Received offer for Artillery Officer and my COS date is September 19. I am not sure if that is when the course actually starts, but will know more.

Just wondering if anyone had any tips for CAP? i.e. taskings, inspections, items to bring, things I shoud be aware of basically.

Any help would be appreciated.


----------



## Fishbone Jones (21 Jun 2011)

Coyner said:
			
		

> Received offer for Artillery Officer and my COS date is September 19. I am sure if that is when the course actually starts, but will know more.
> 
> Just wondering if anyone had any tips for CAP? i.e. taskings, inspections, items to bring, things I shoud be aware of basically.
> 
> Any help would be appreciated.



How about a search of the Training Forum threads, that'd be a great starting place   http://forums.army.ca/forums/index.php/board,39.0.html


----------



## vonGarvin (21 Jun 2011)

My only tip is to refer to the course by its name: Basic Military Officer Qualification - Land, or BMOQ-L, pronounced "Bemockle", rhyming with "debacle".


----------



## Fishbone Jones (21 Jun 2011)

Technoviking said:
			
		

> My only tip is to refer to the course by its name: Basic Military Officer Qualification - Land, or BMOQ-L, pronounced "Bemockle", rhyming with "debacle".
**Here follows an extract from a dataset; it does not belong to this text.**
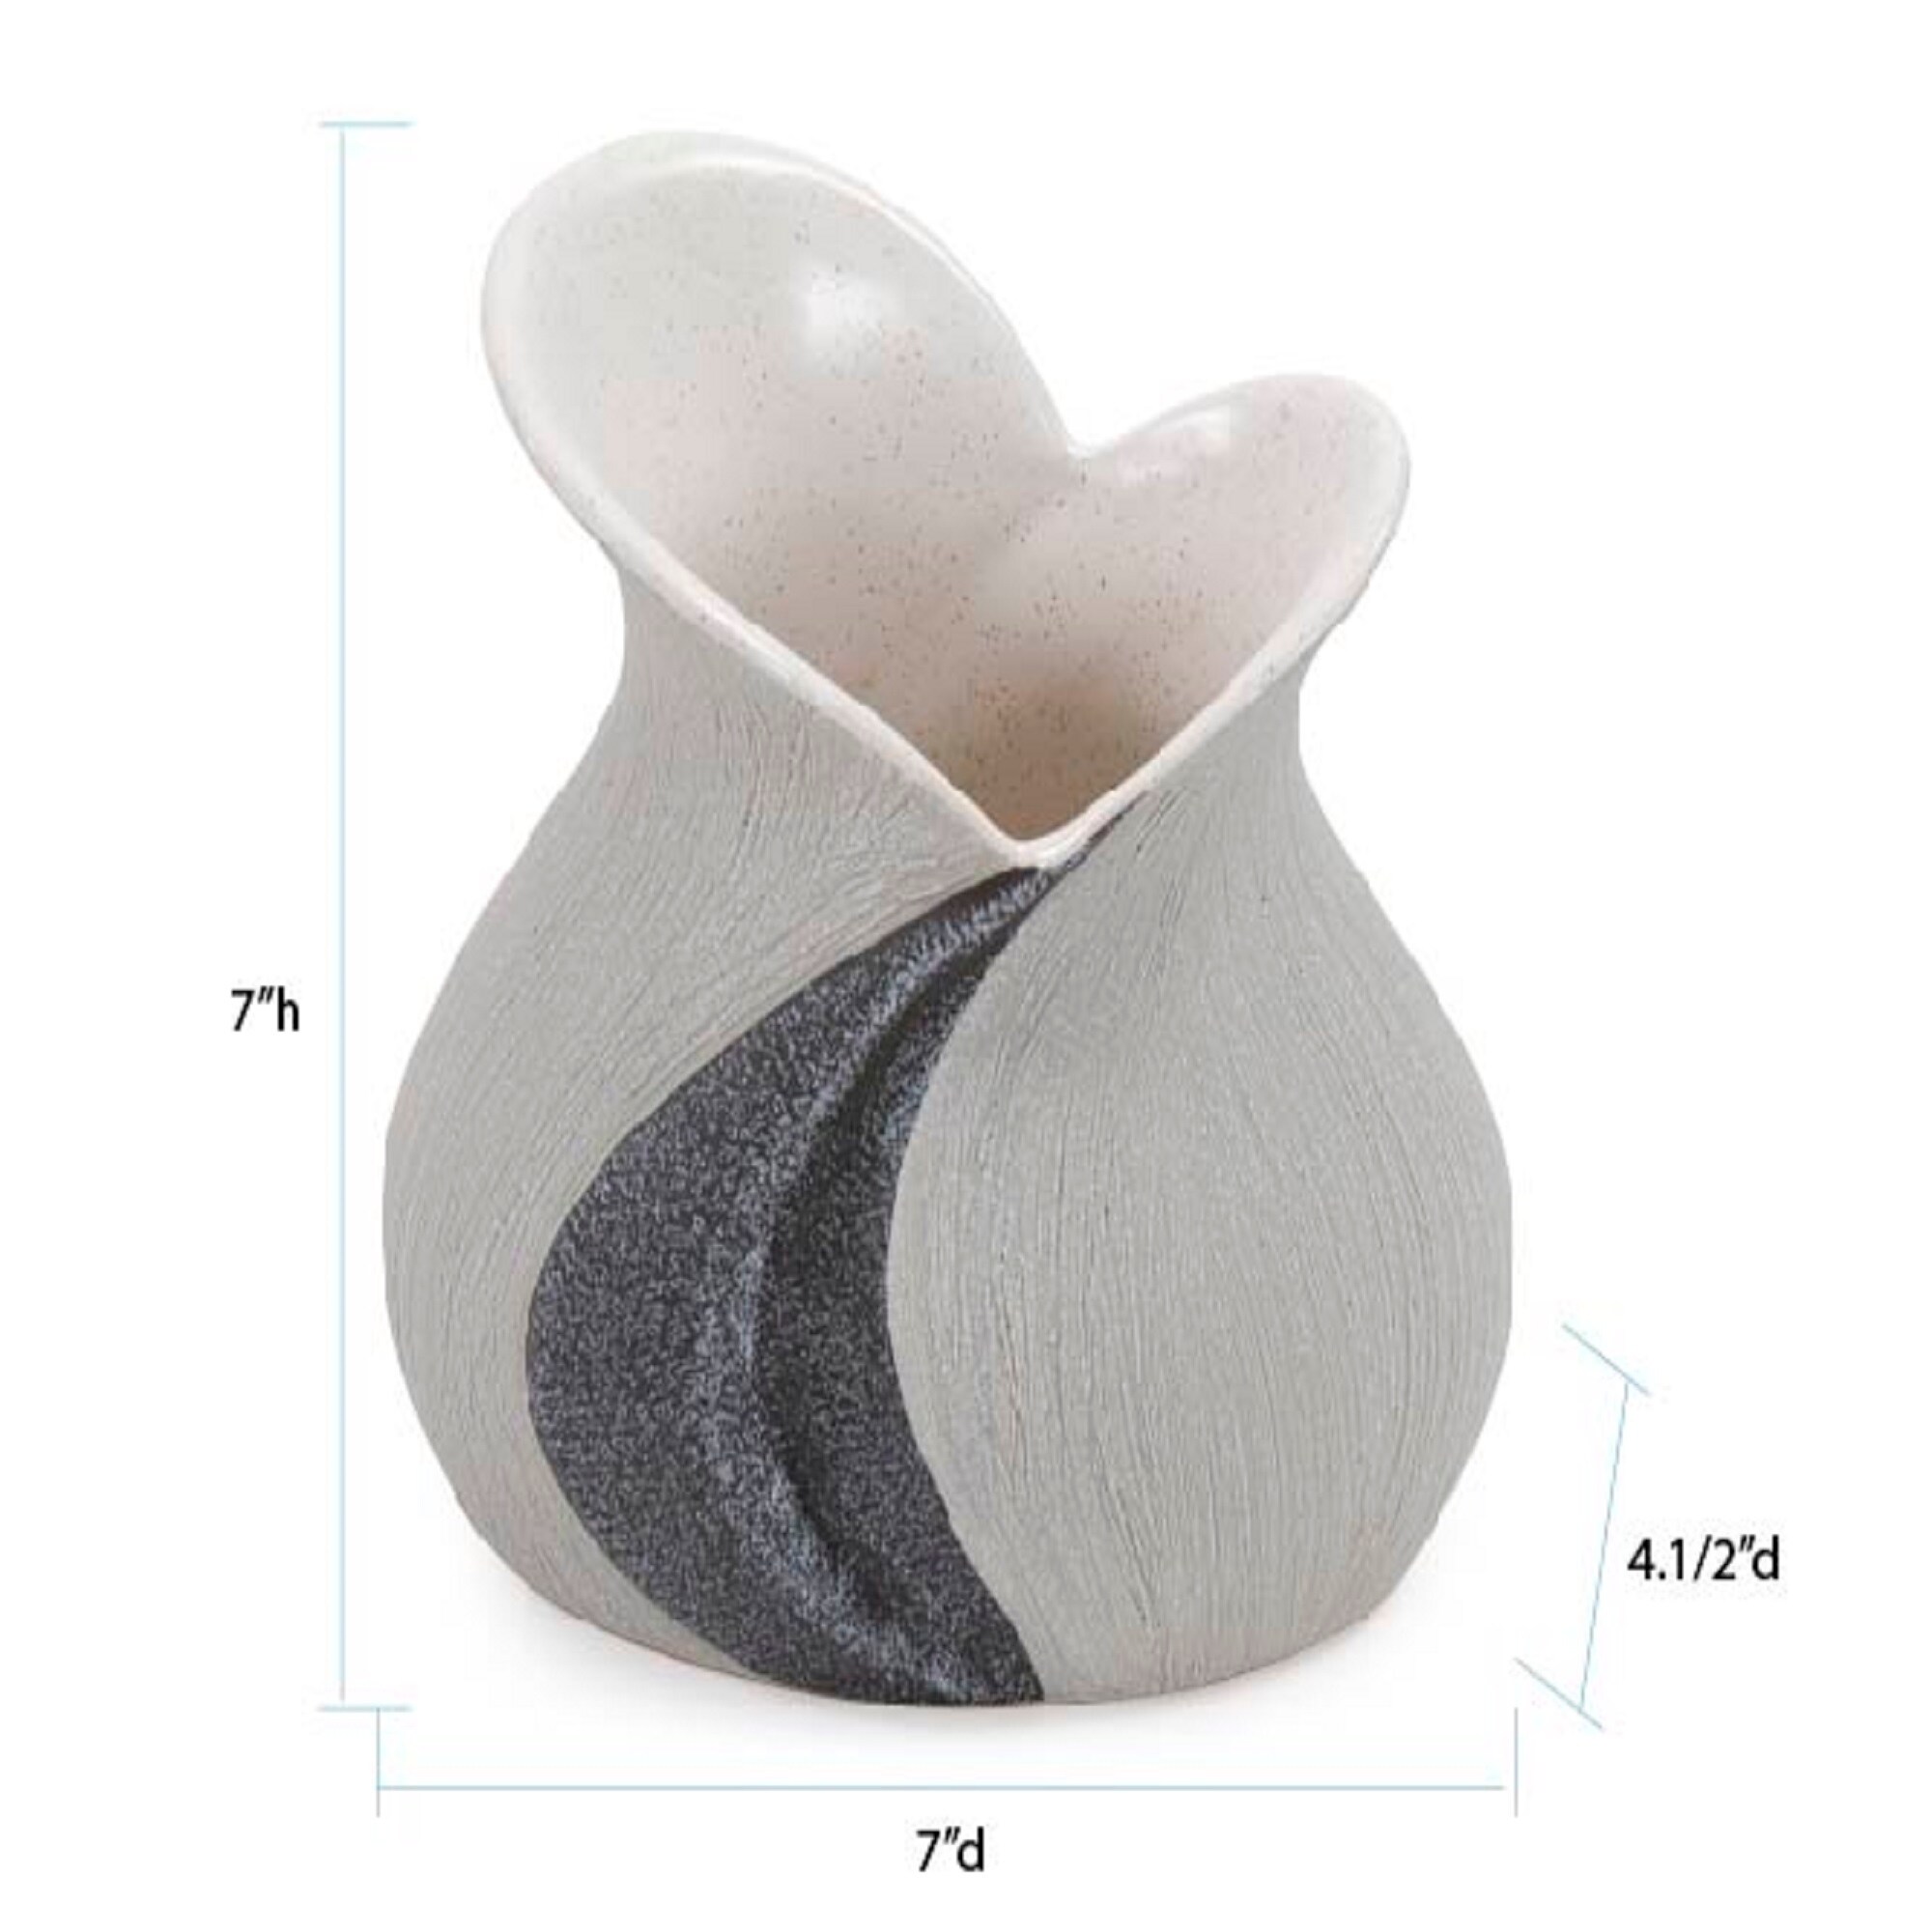 Allan Andrews Gray Two Toned Decorative Ceramic Vase - 7H x 7W x 4D

and 'Bemockle' quickly becomes 'Befuckle' as explained in the accompanying graphic taken from Mission & Task Verbs.


----------



## s23256 (12 Sep 2011)

recceguy said:
			
		

> and 'Bemockle' quickly becomes 'Befuckle' as explained in the accompanying graphic taken from Mission & Task Verbs.



It's so nice to see your work appreciated in your own time.


----------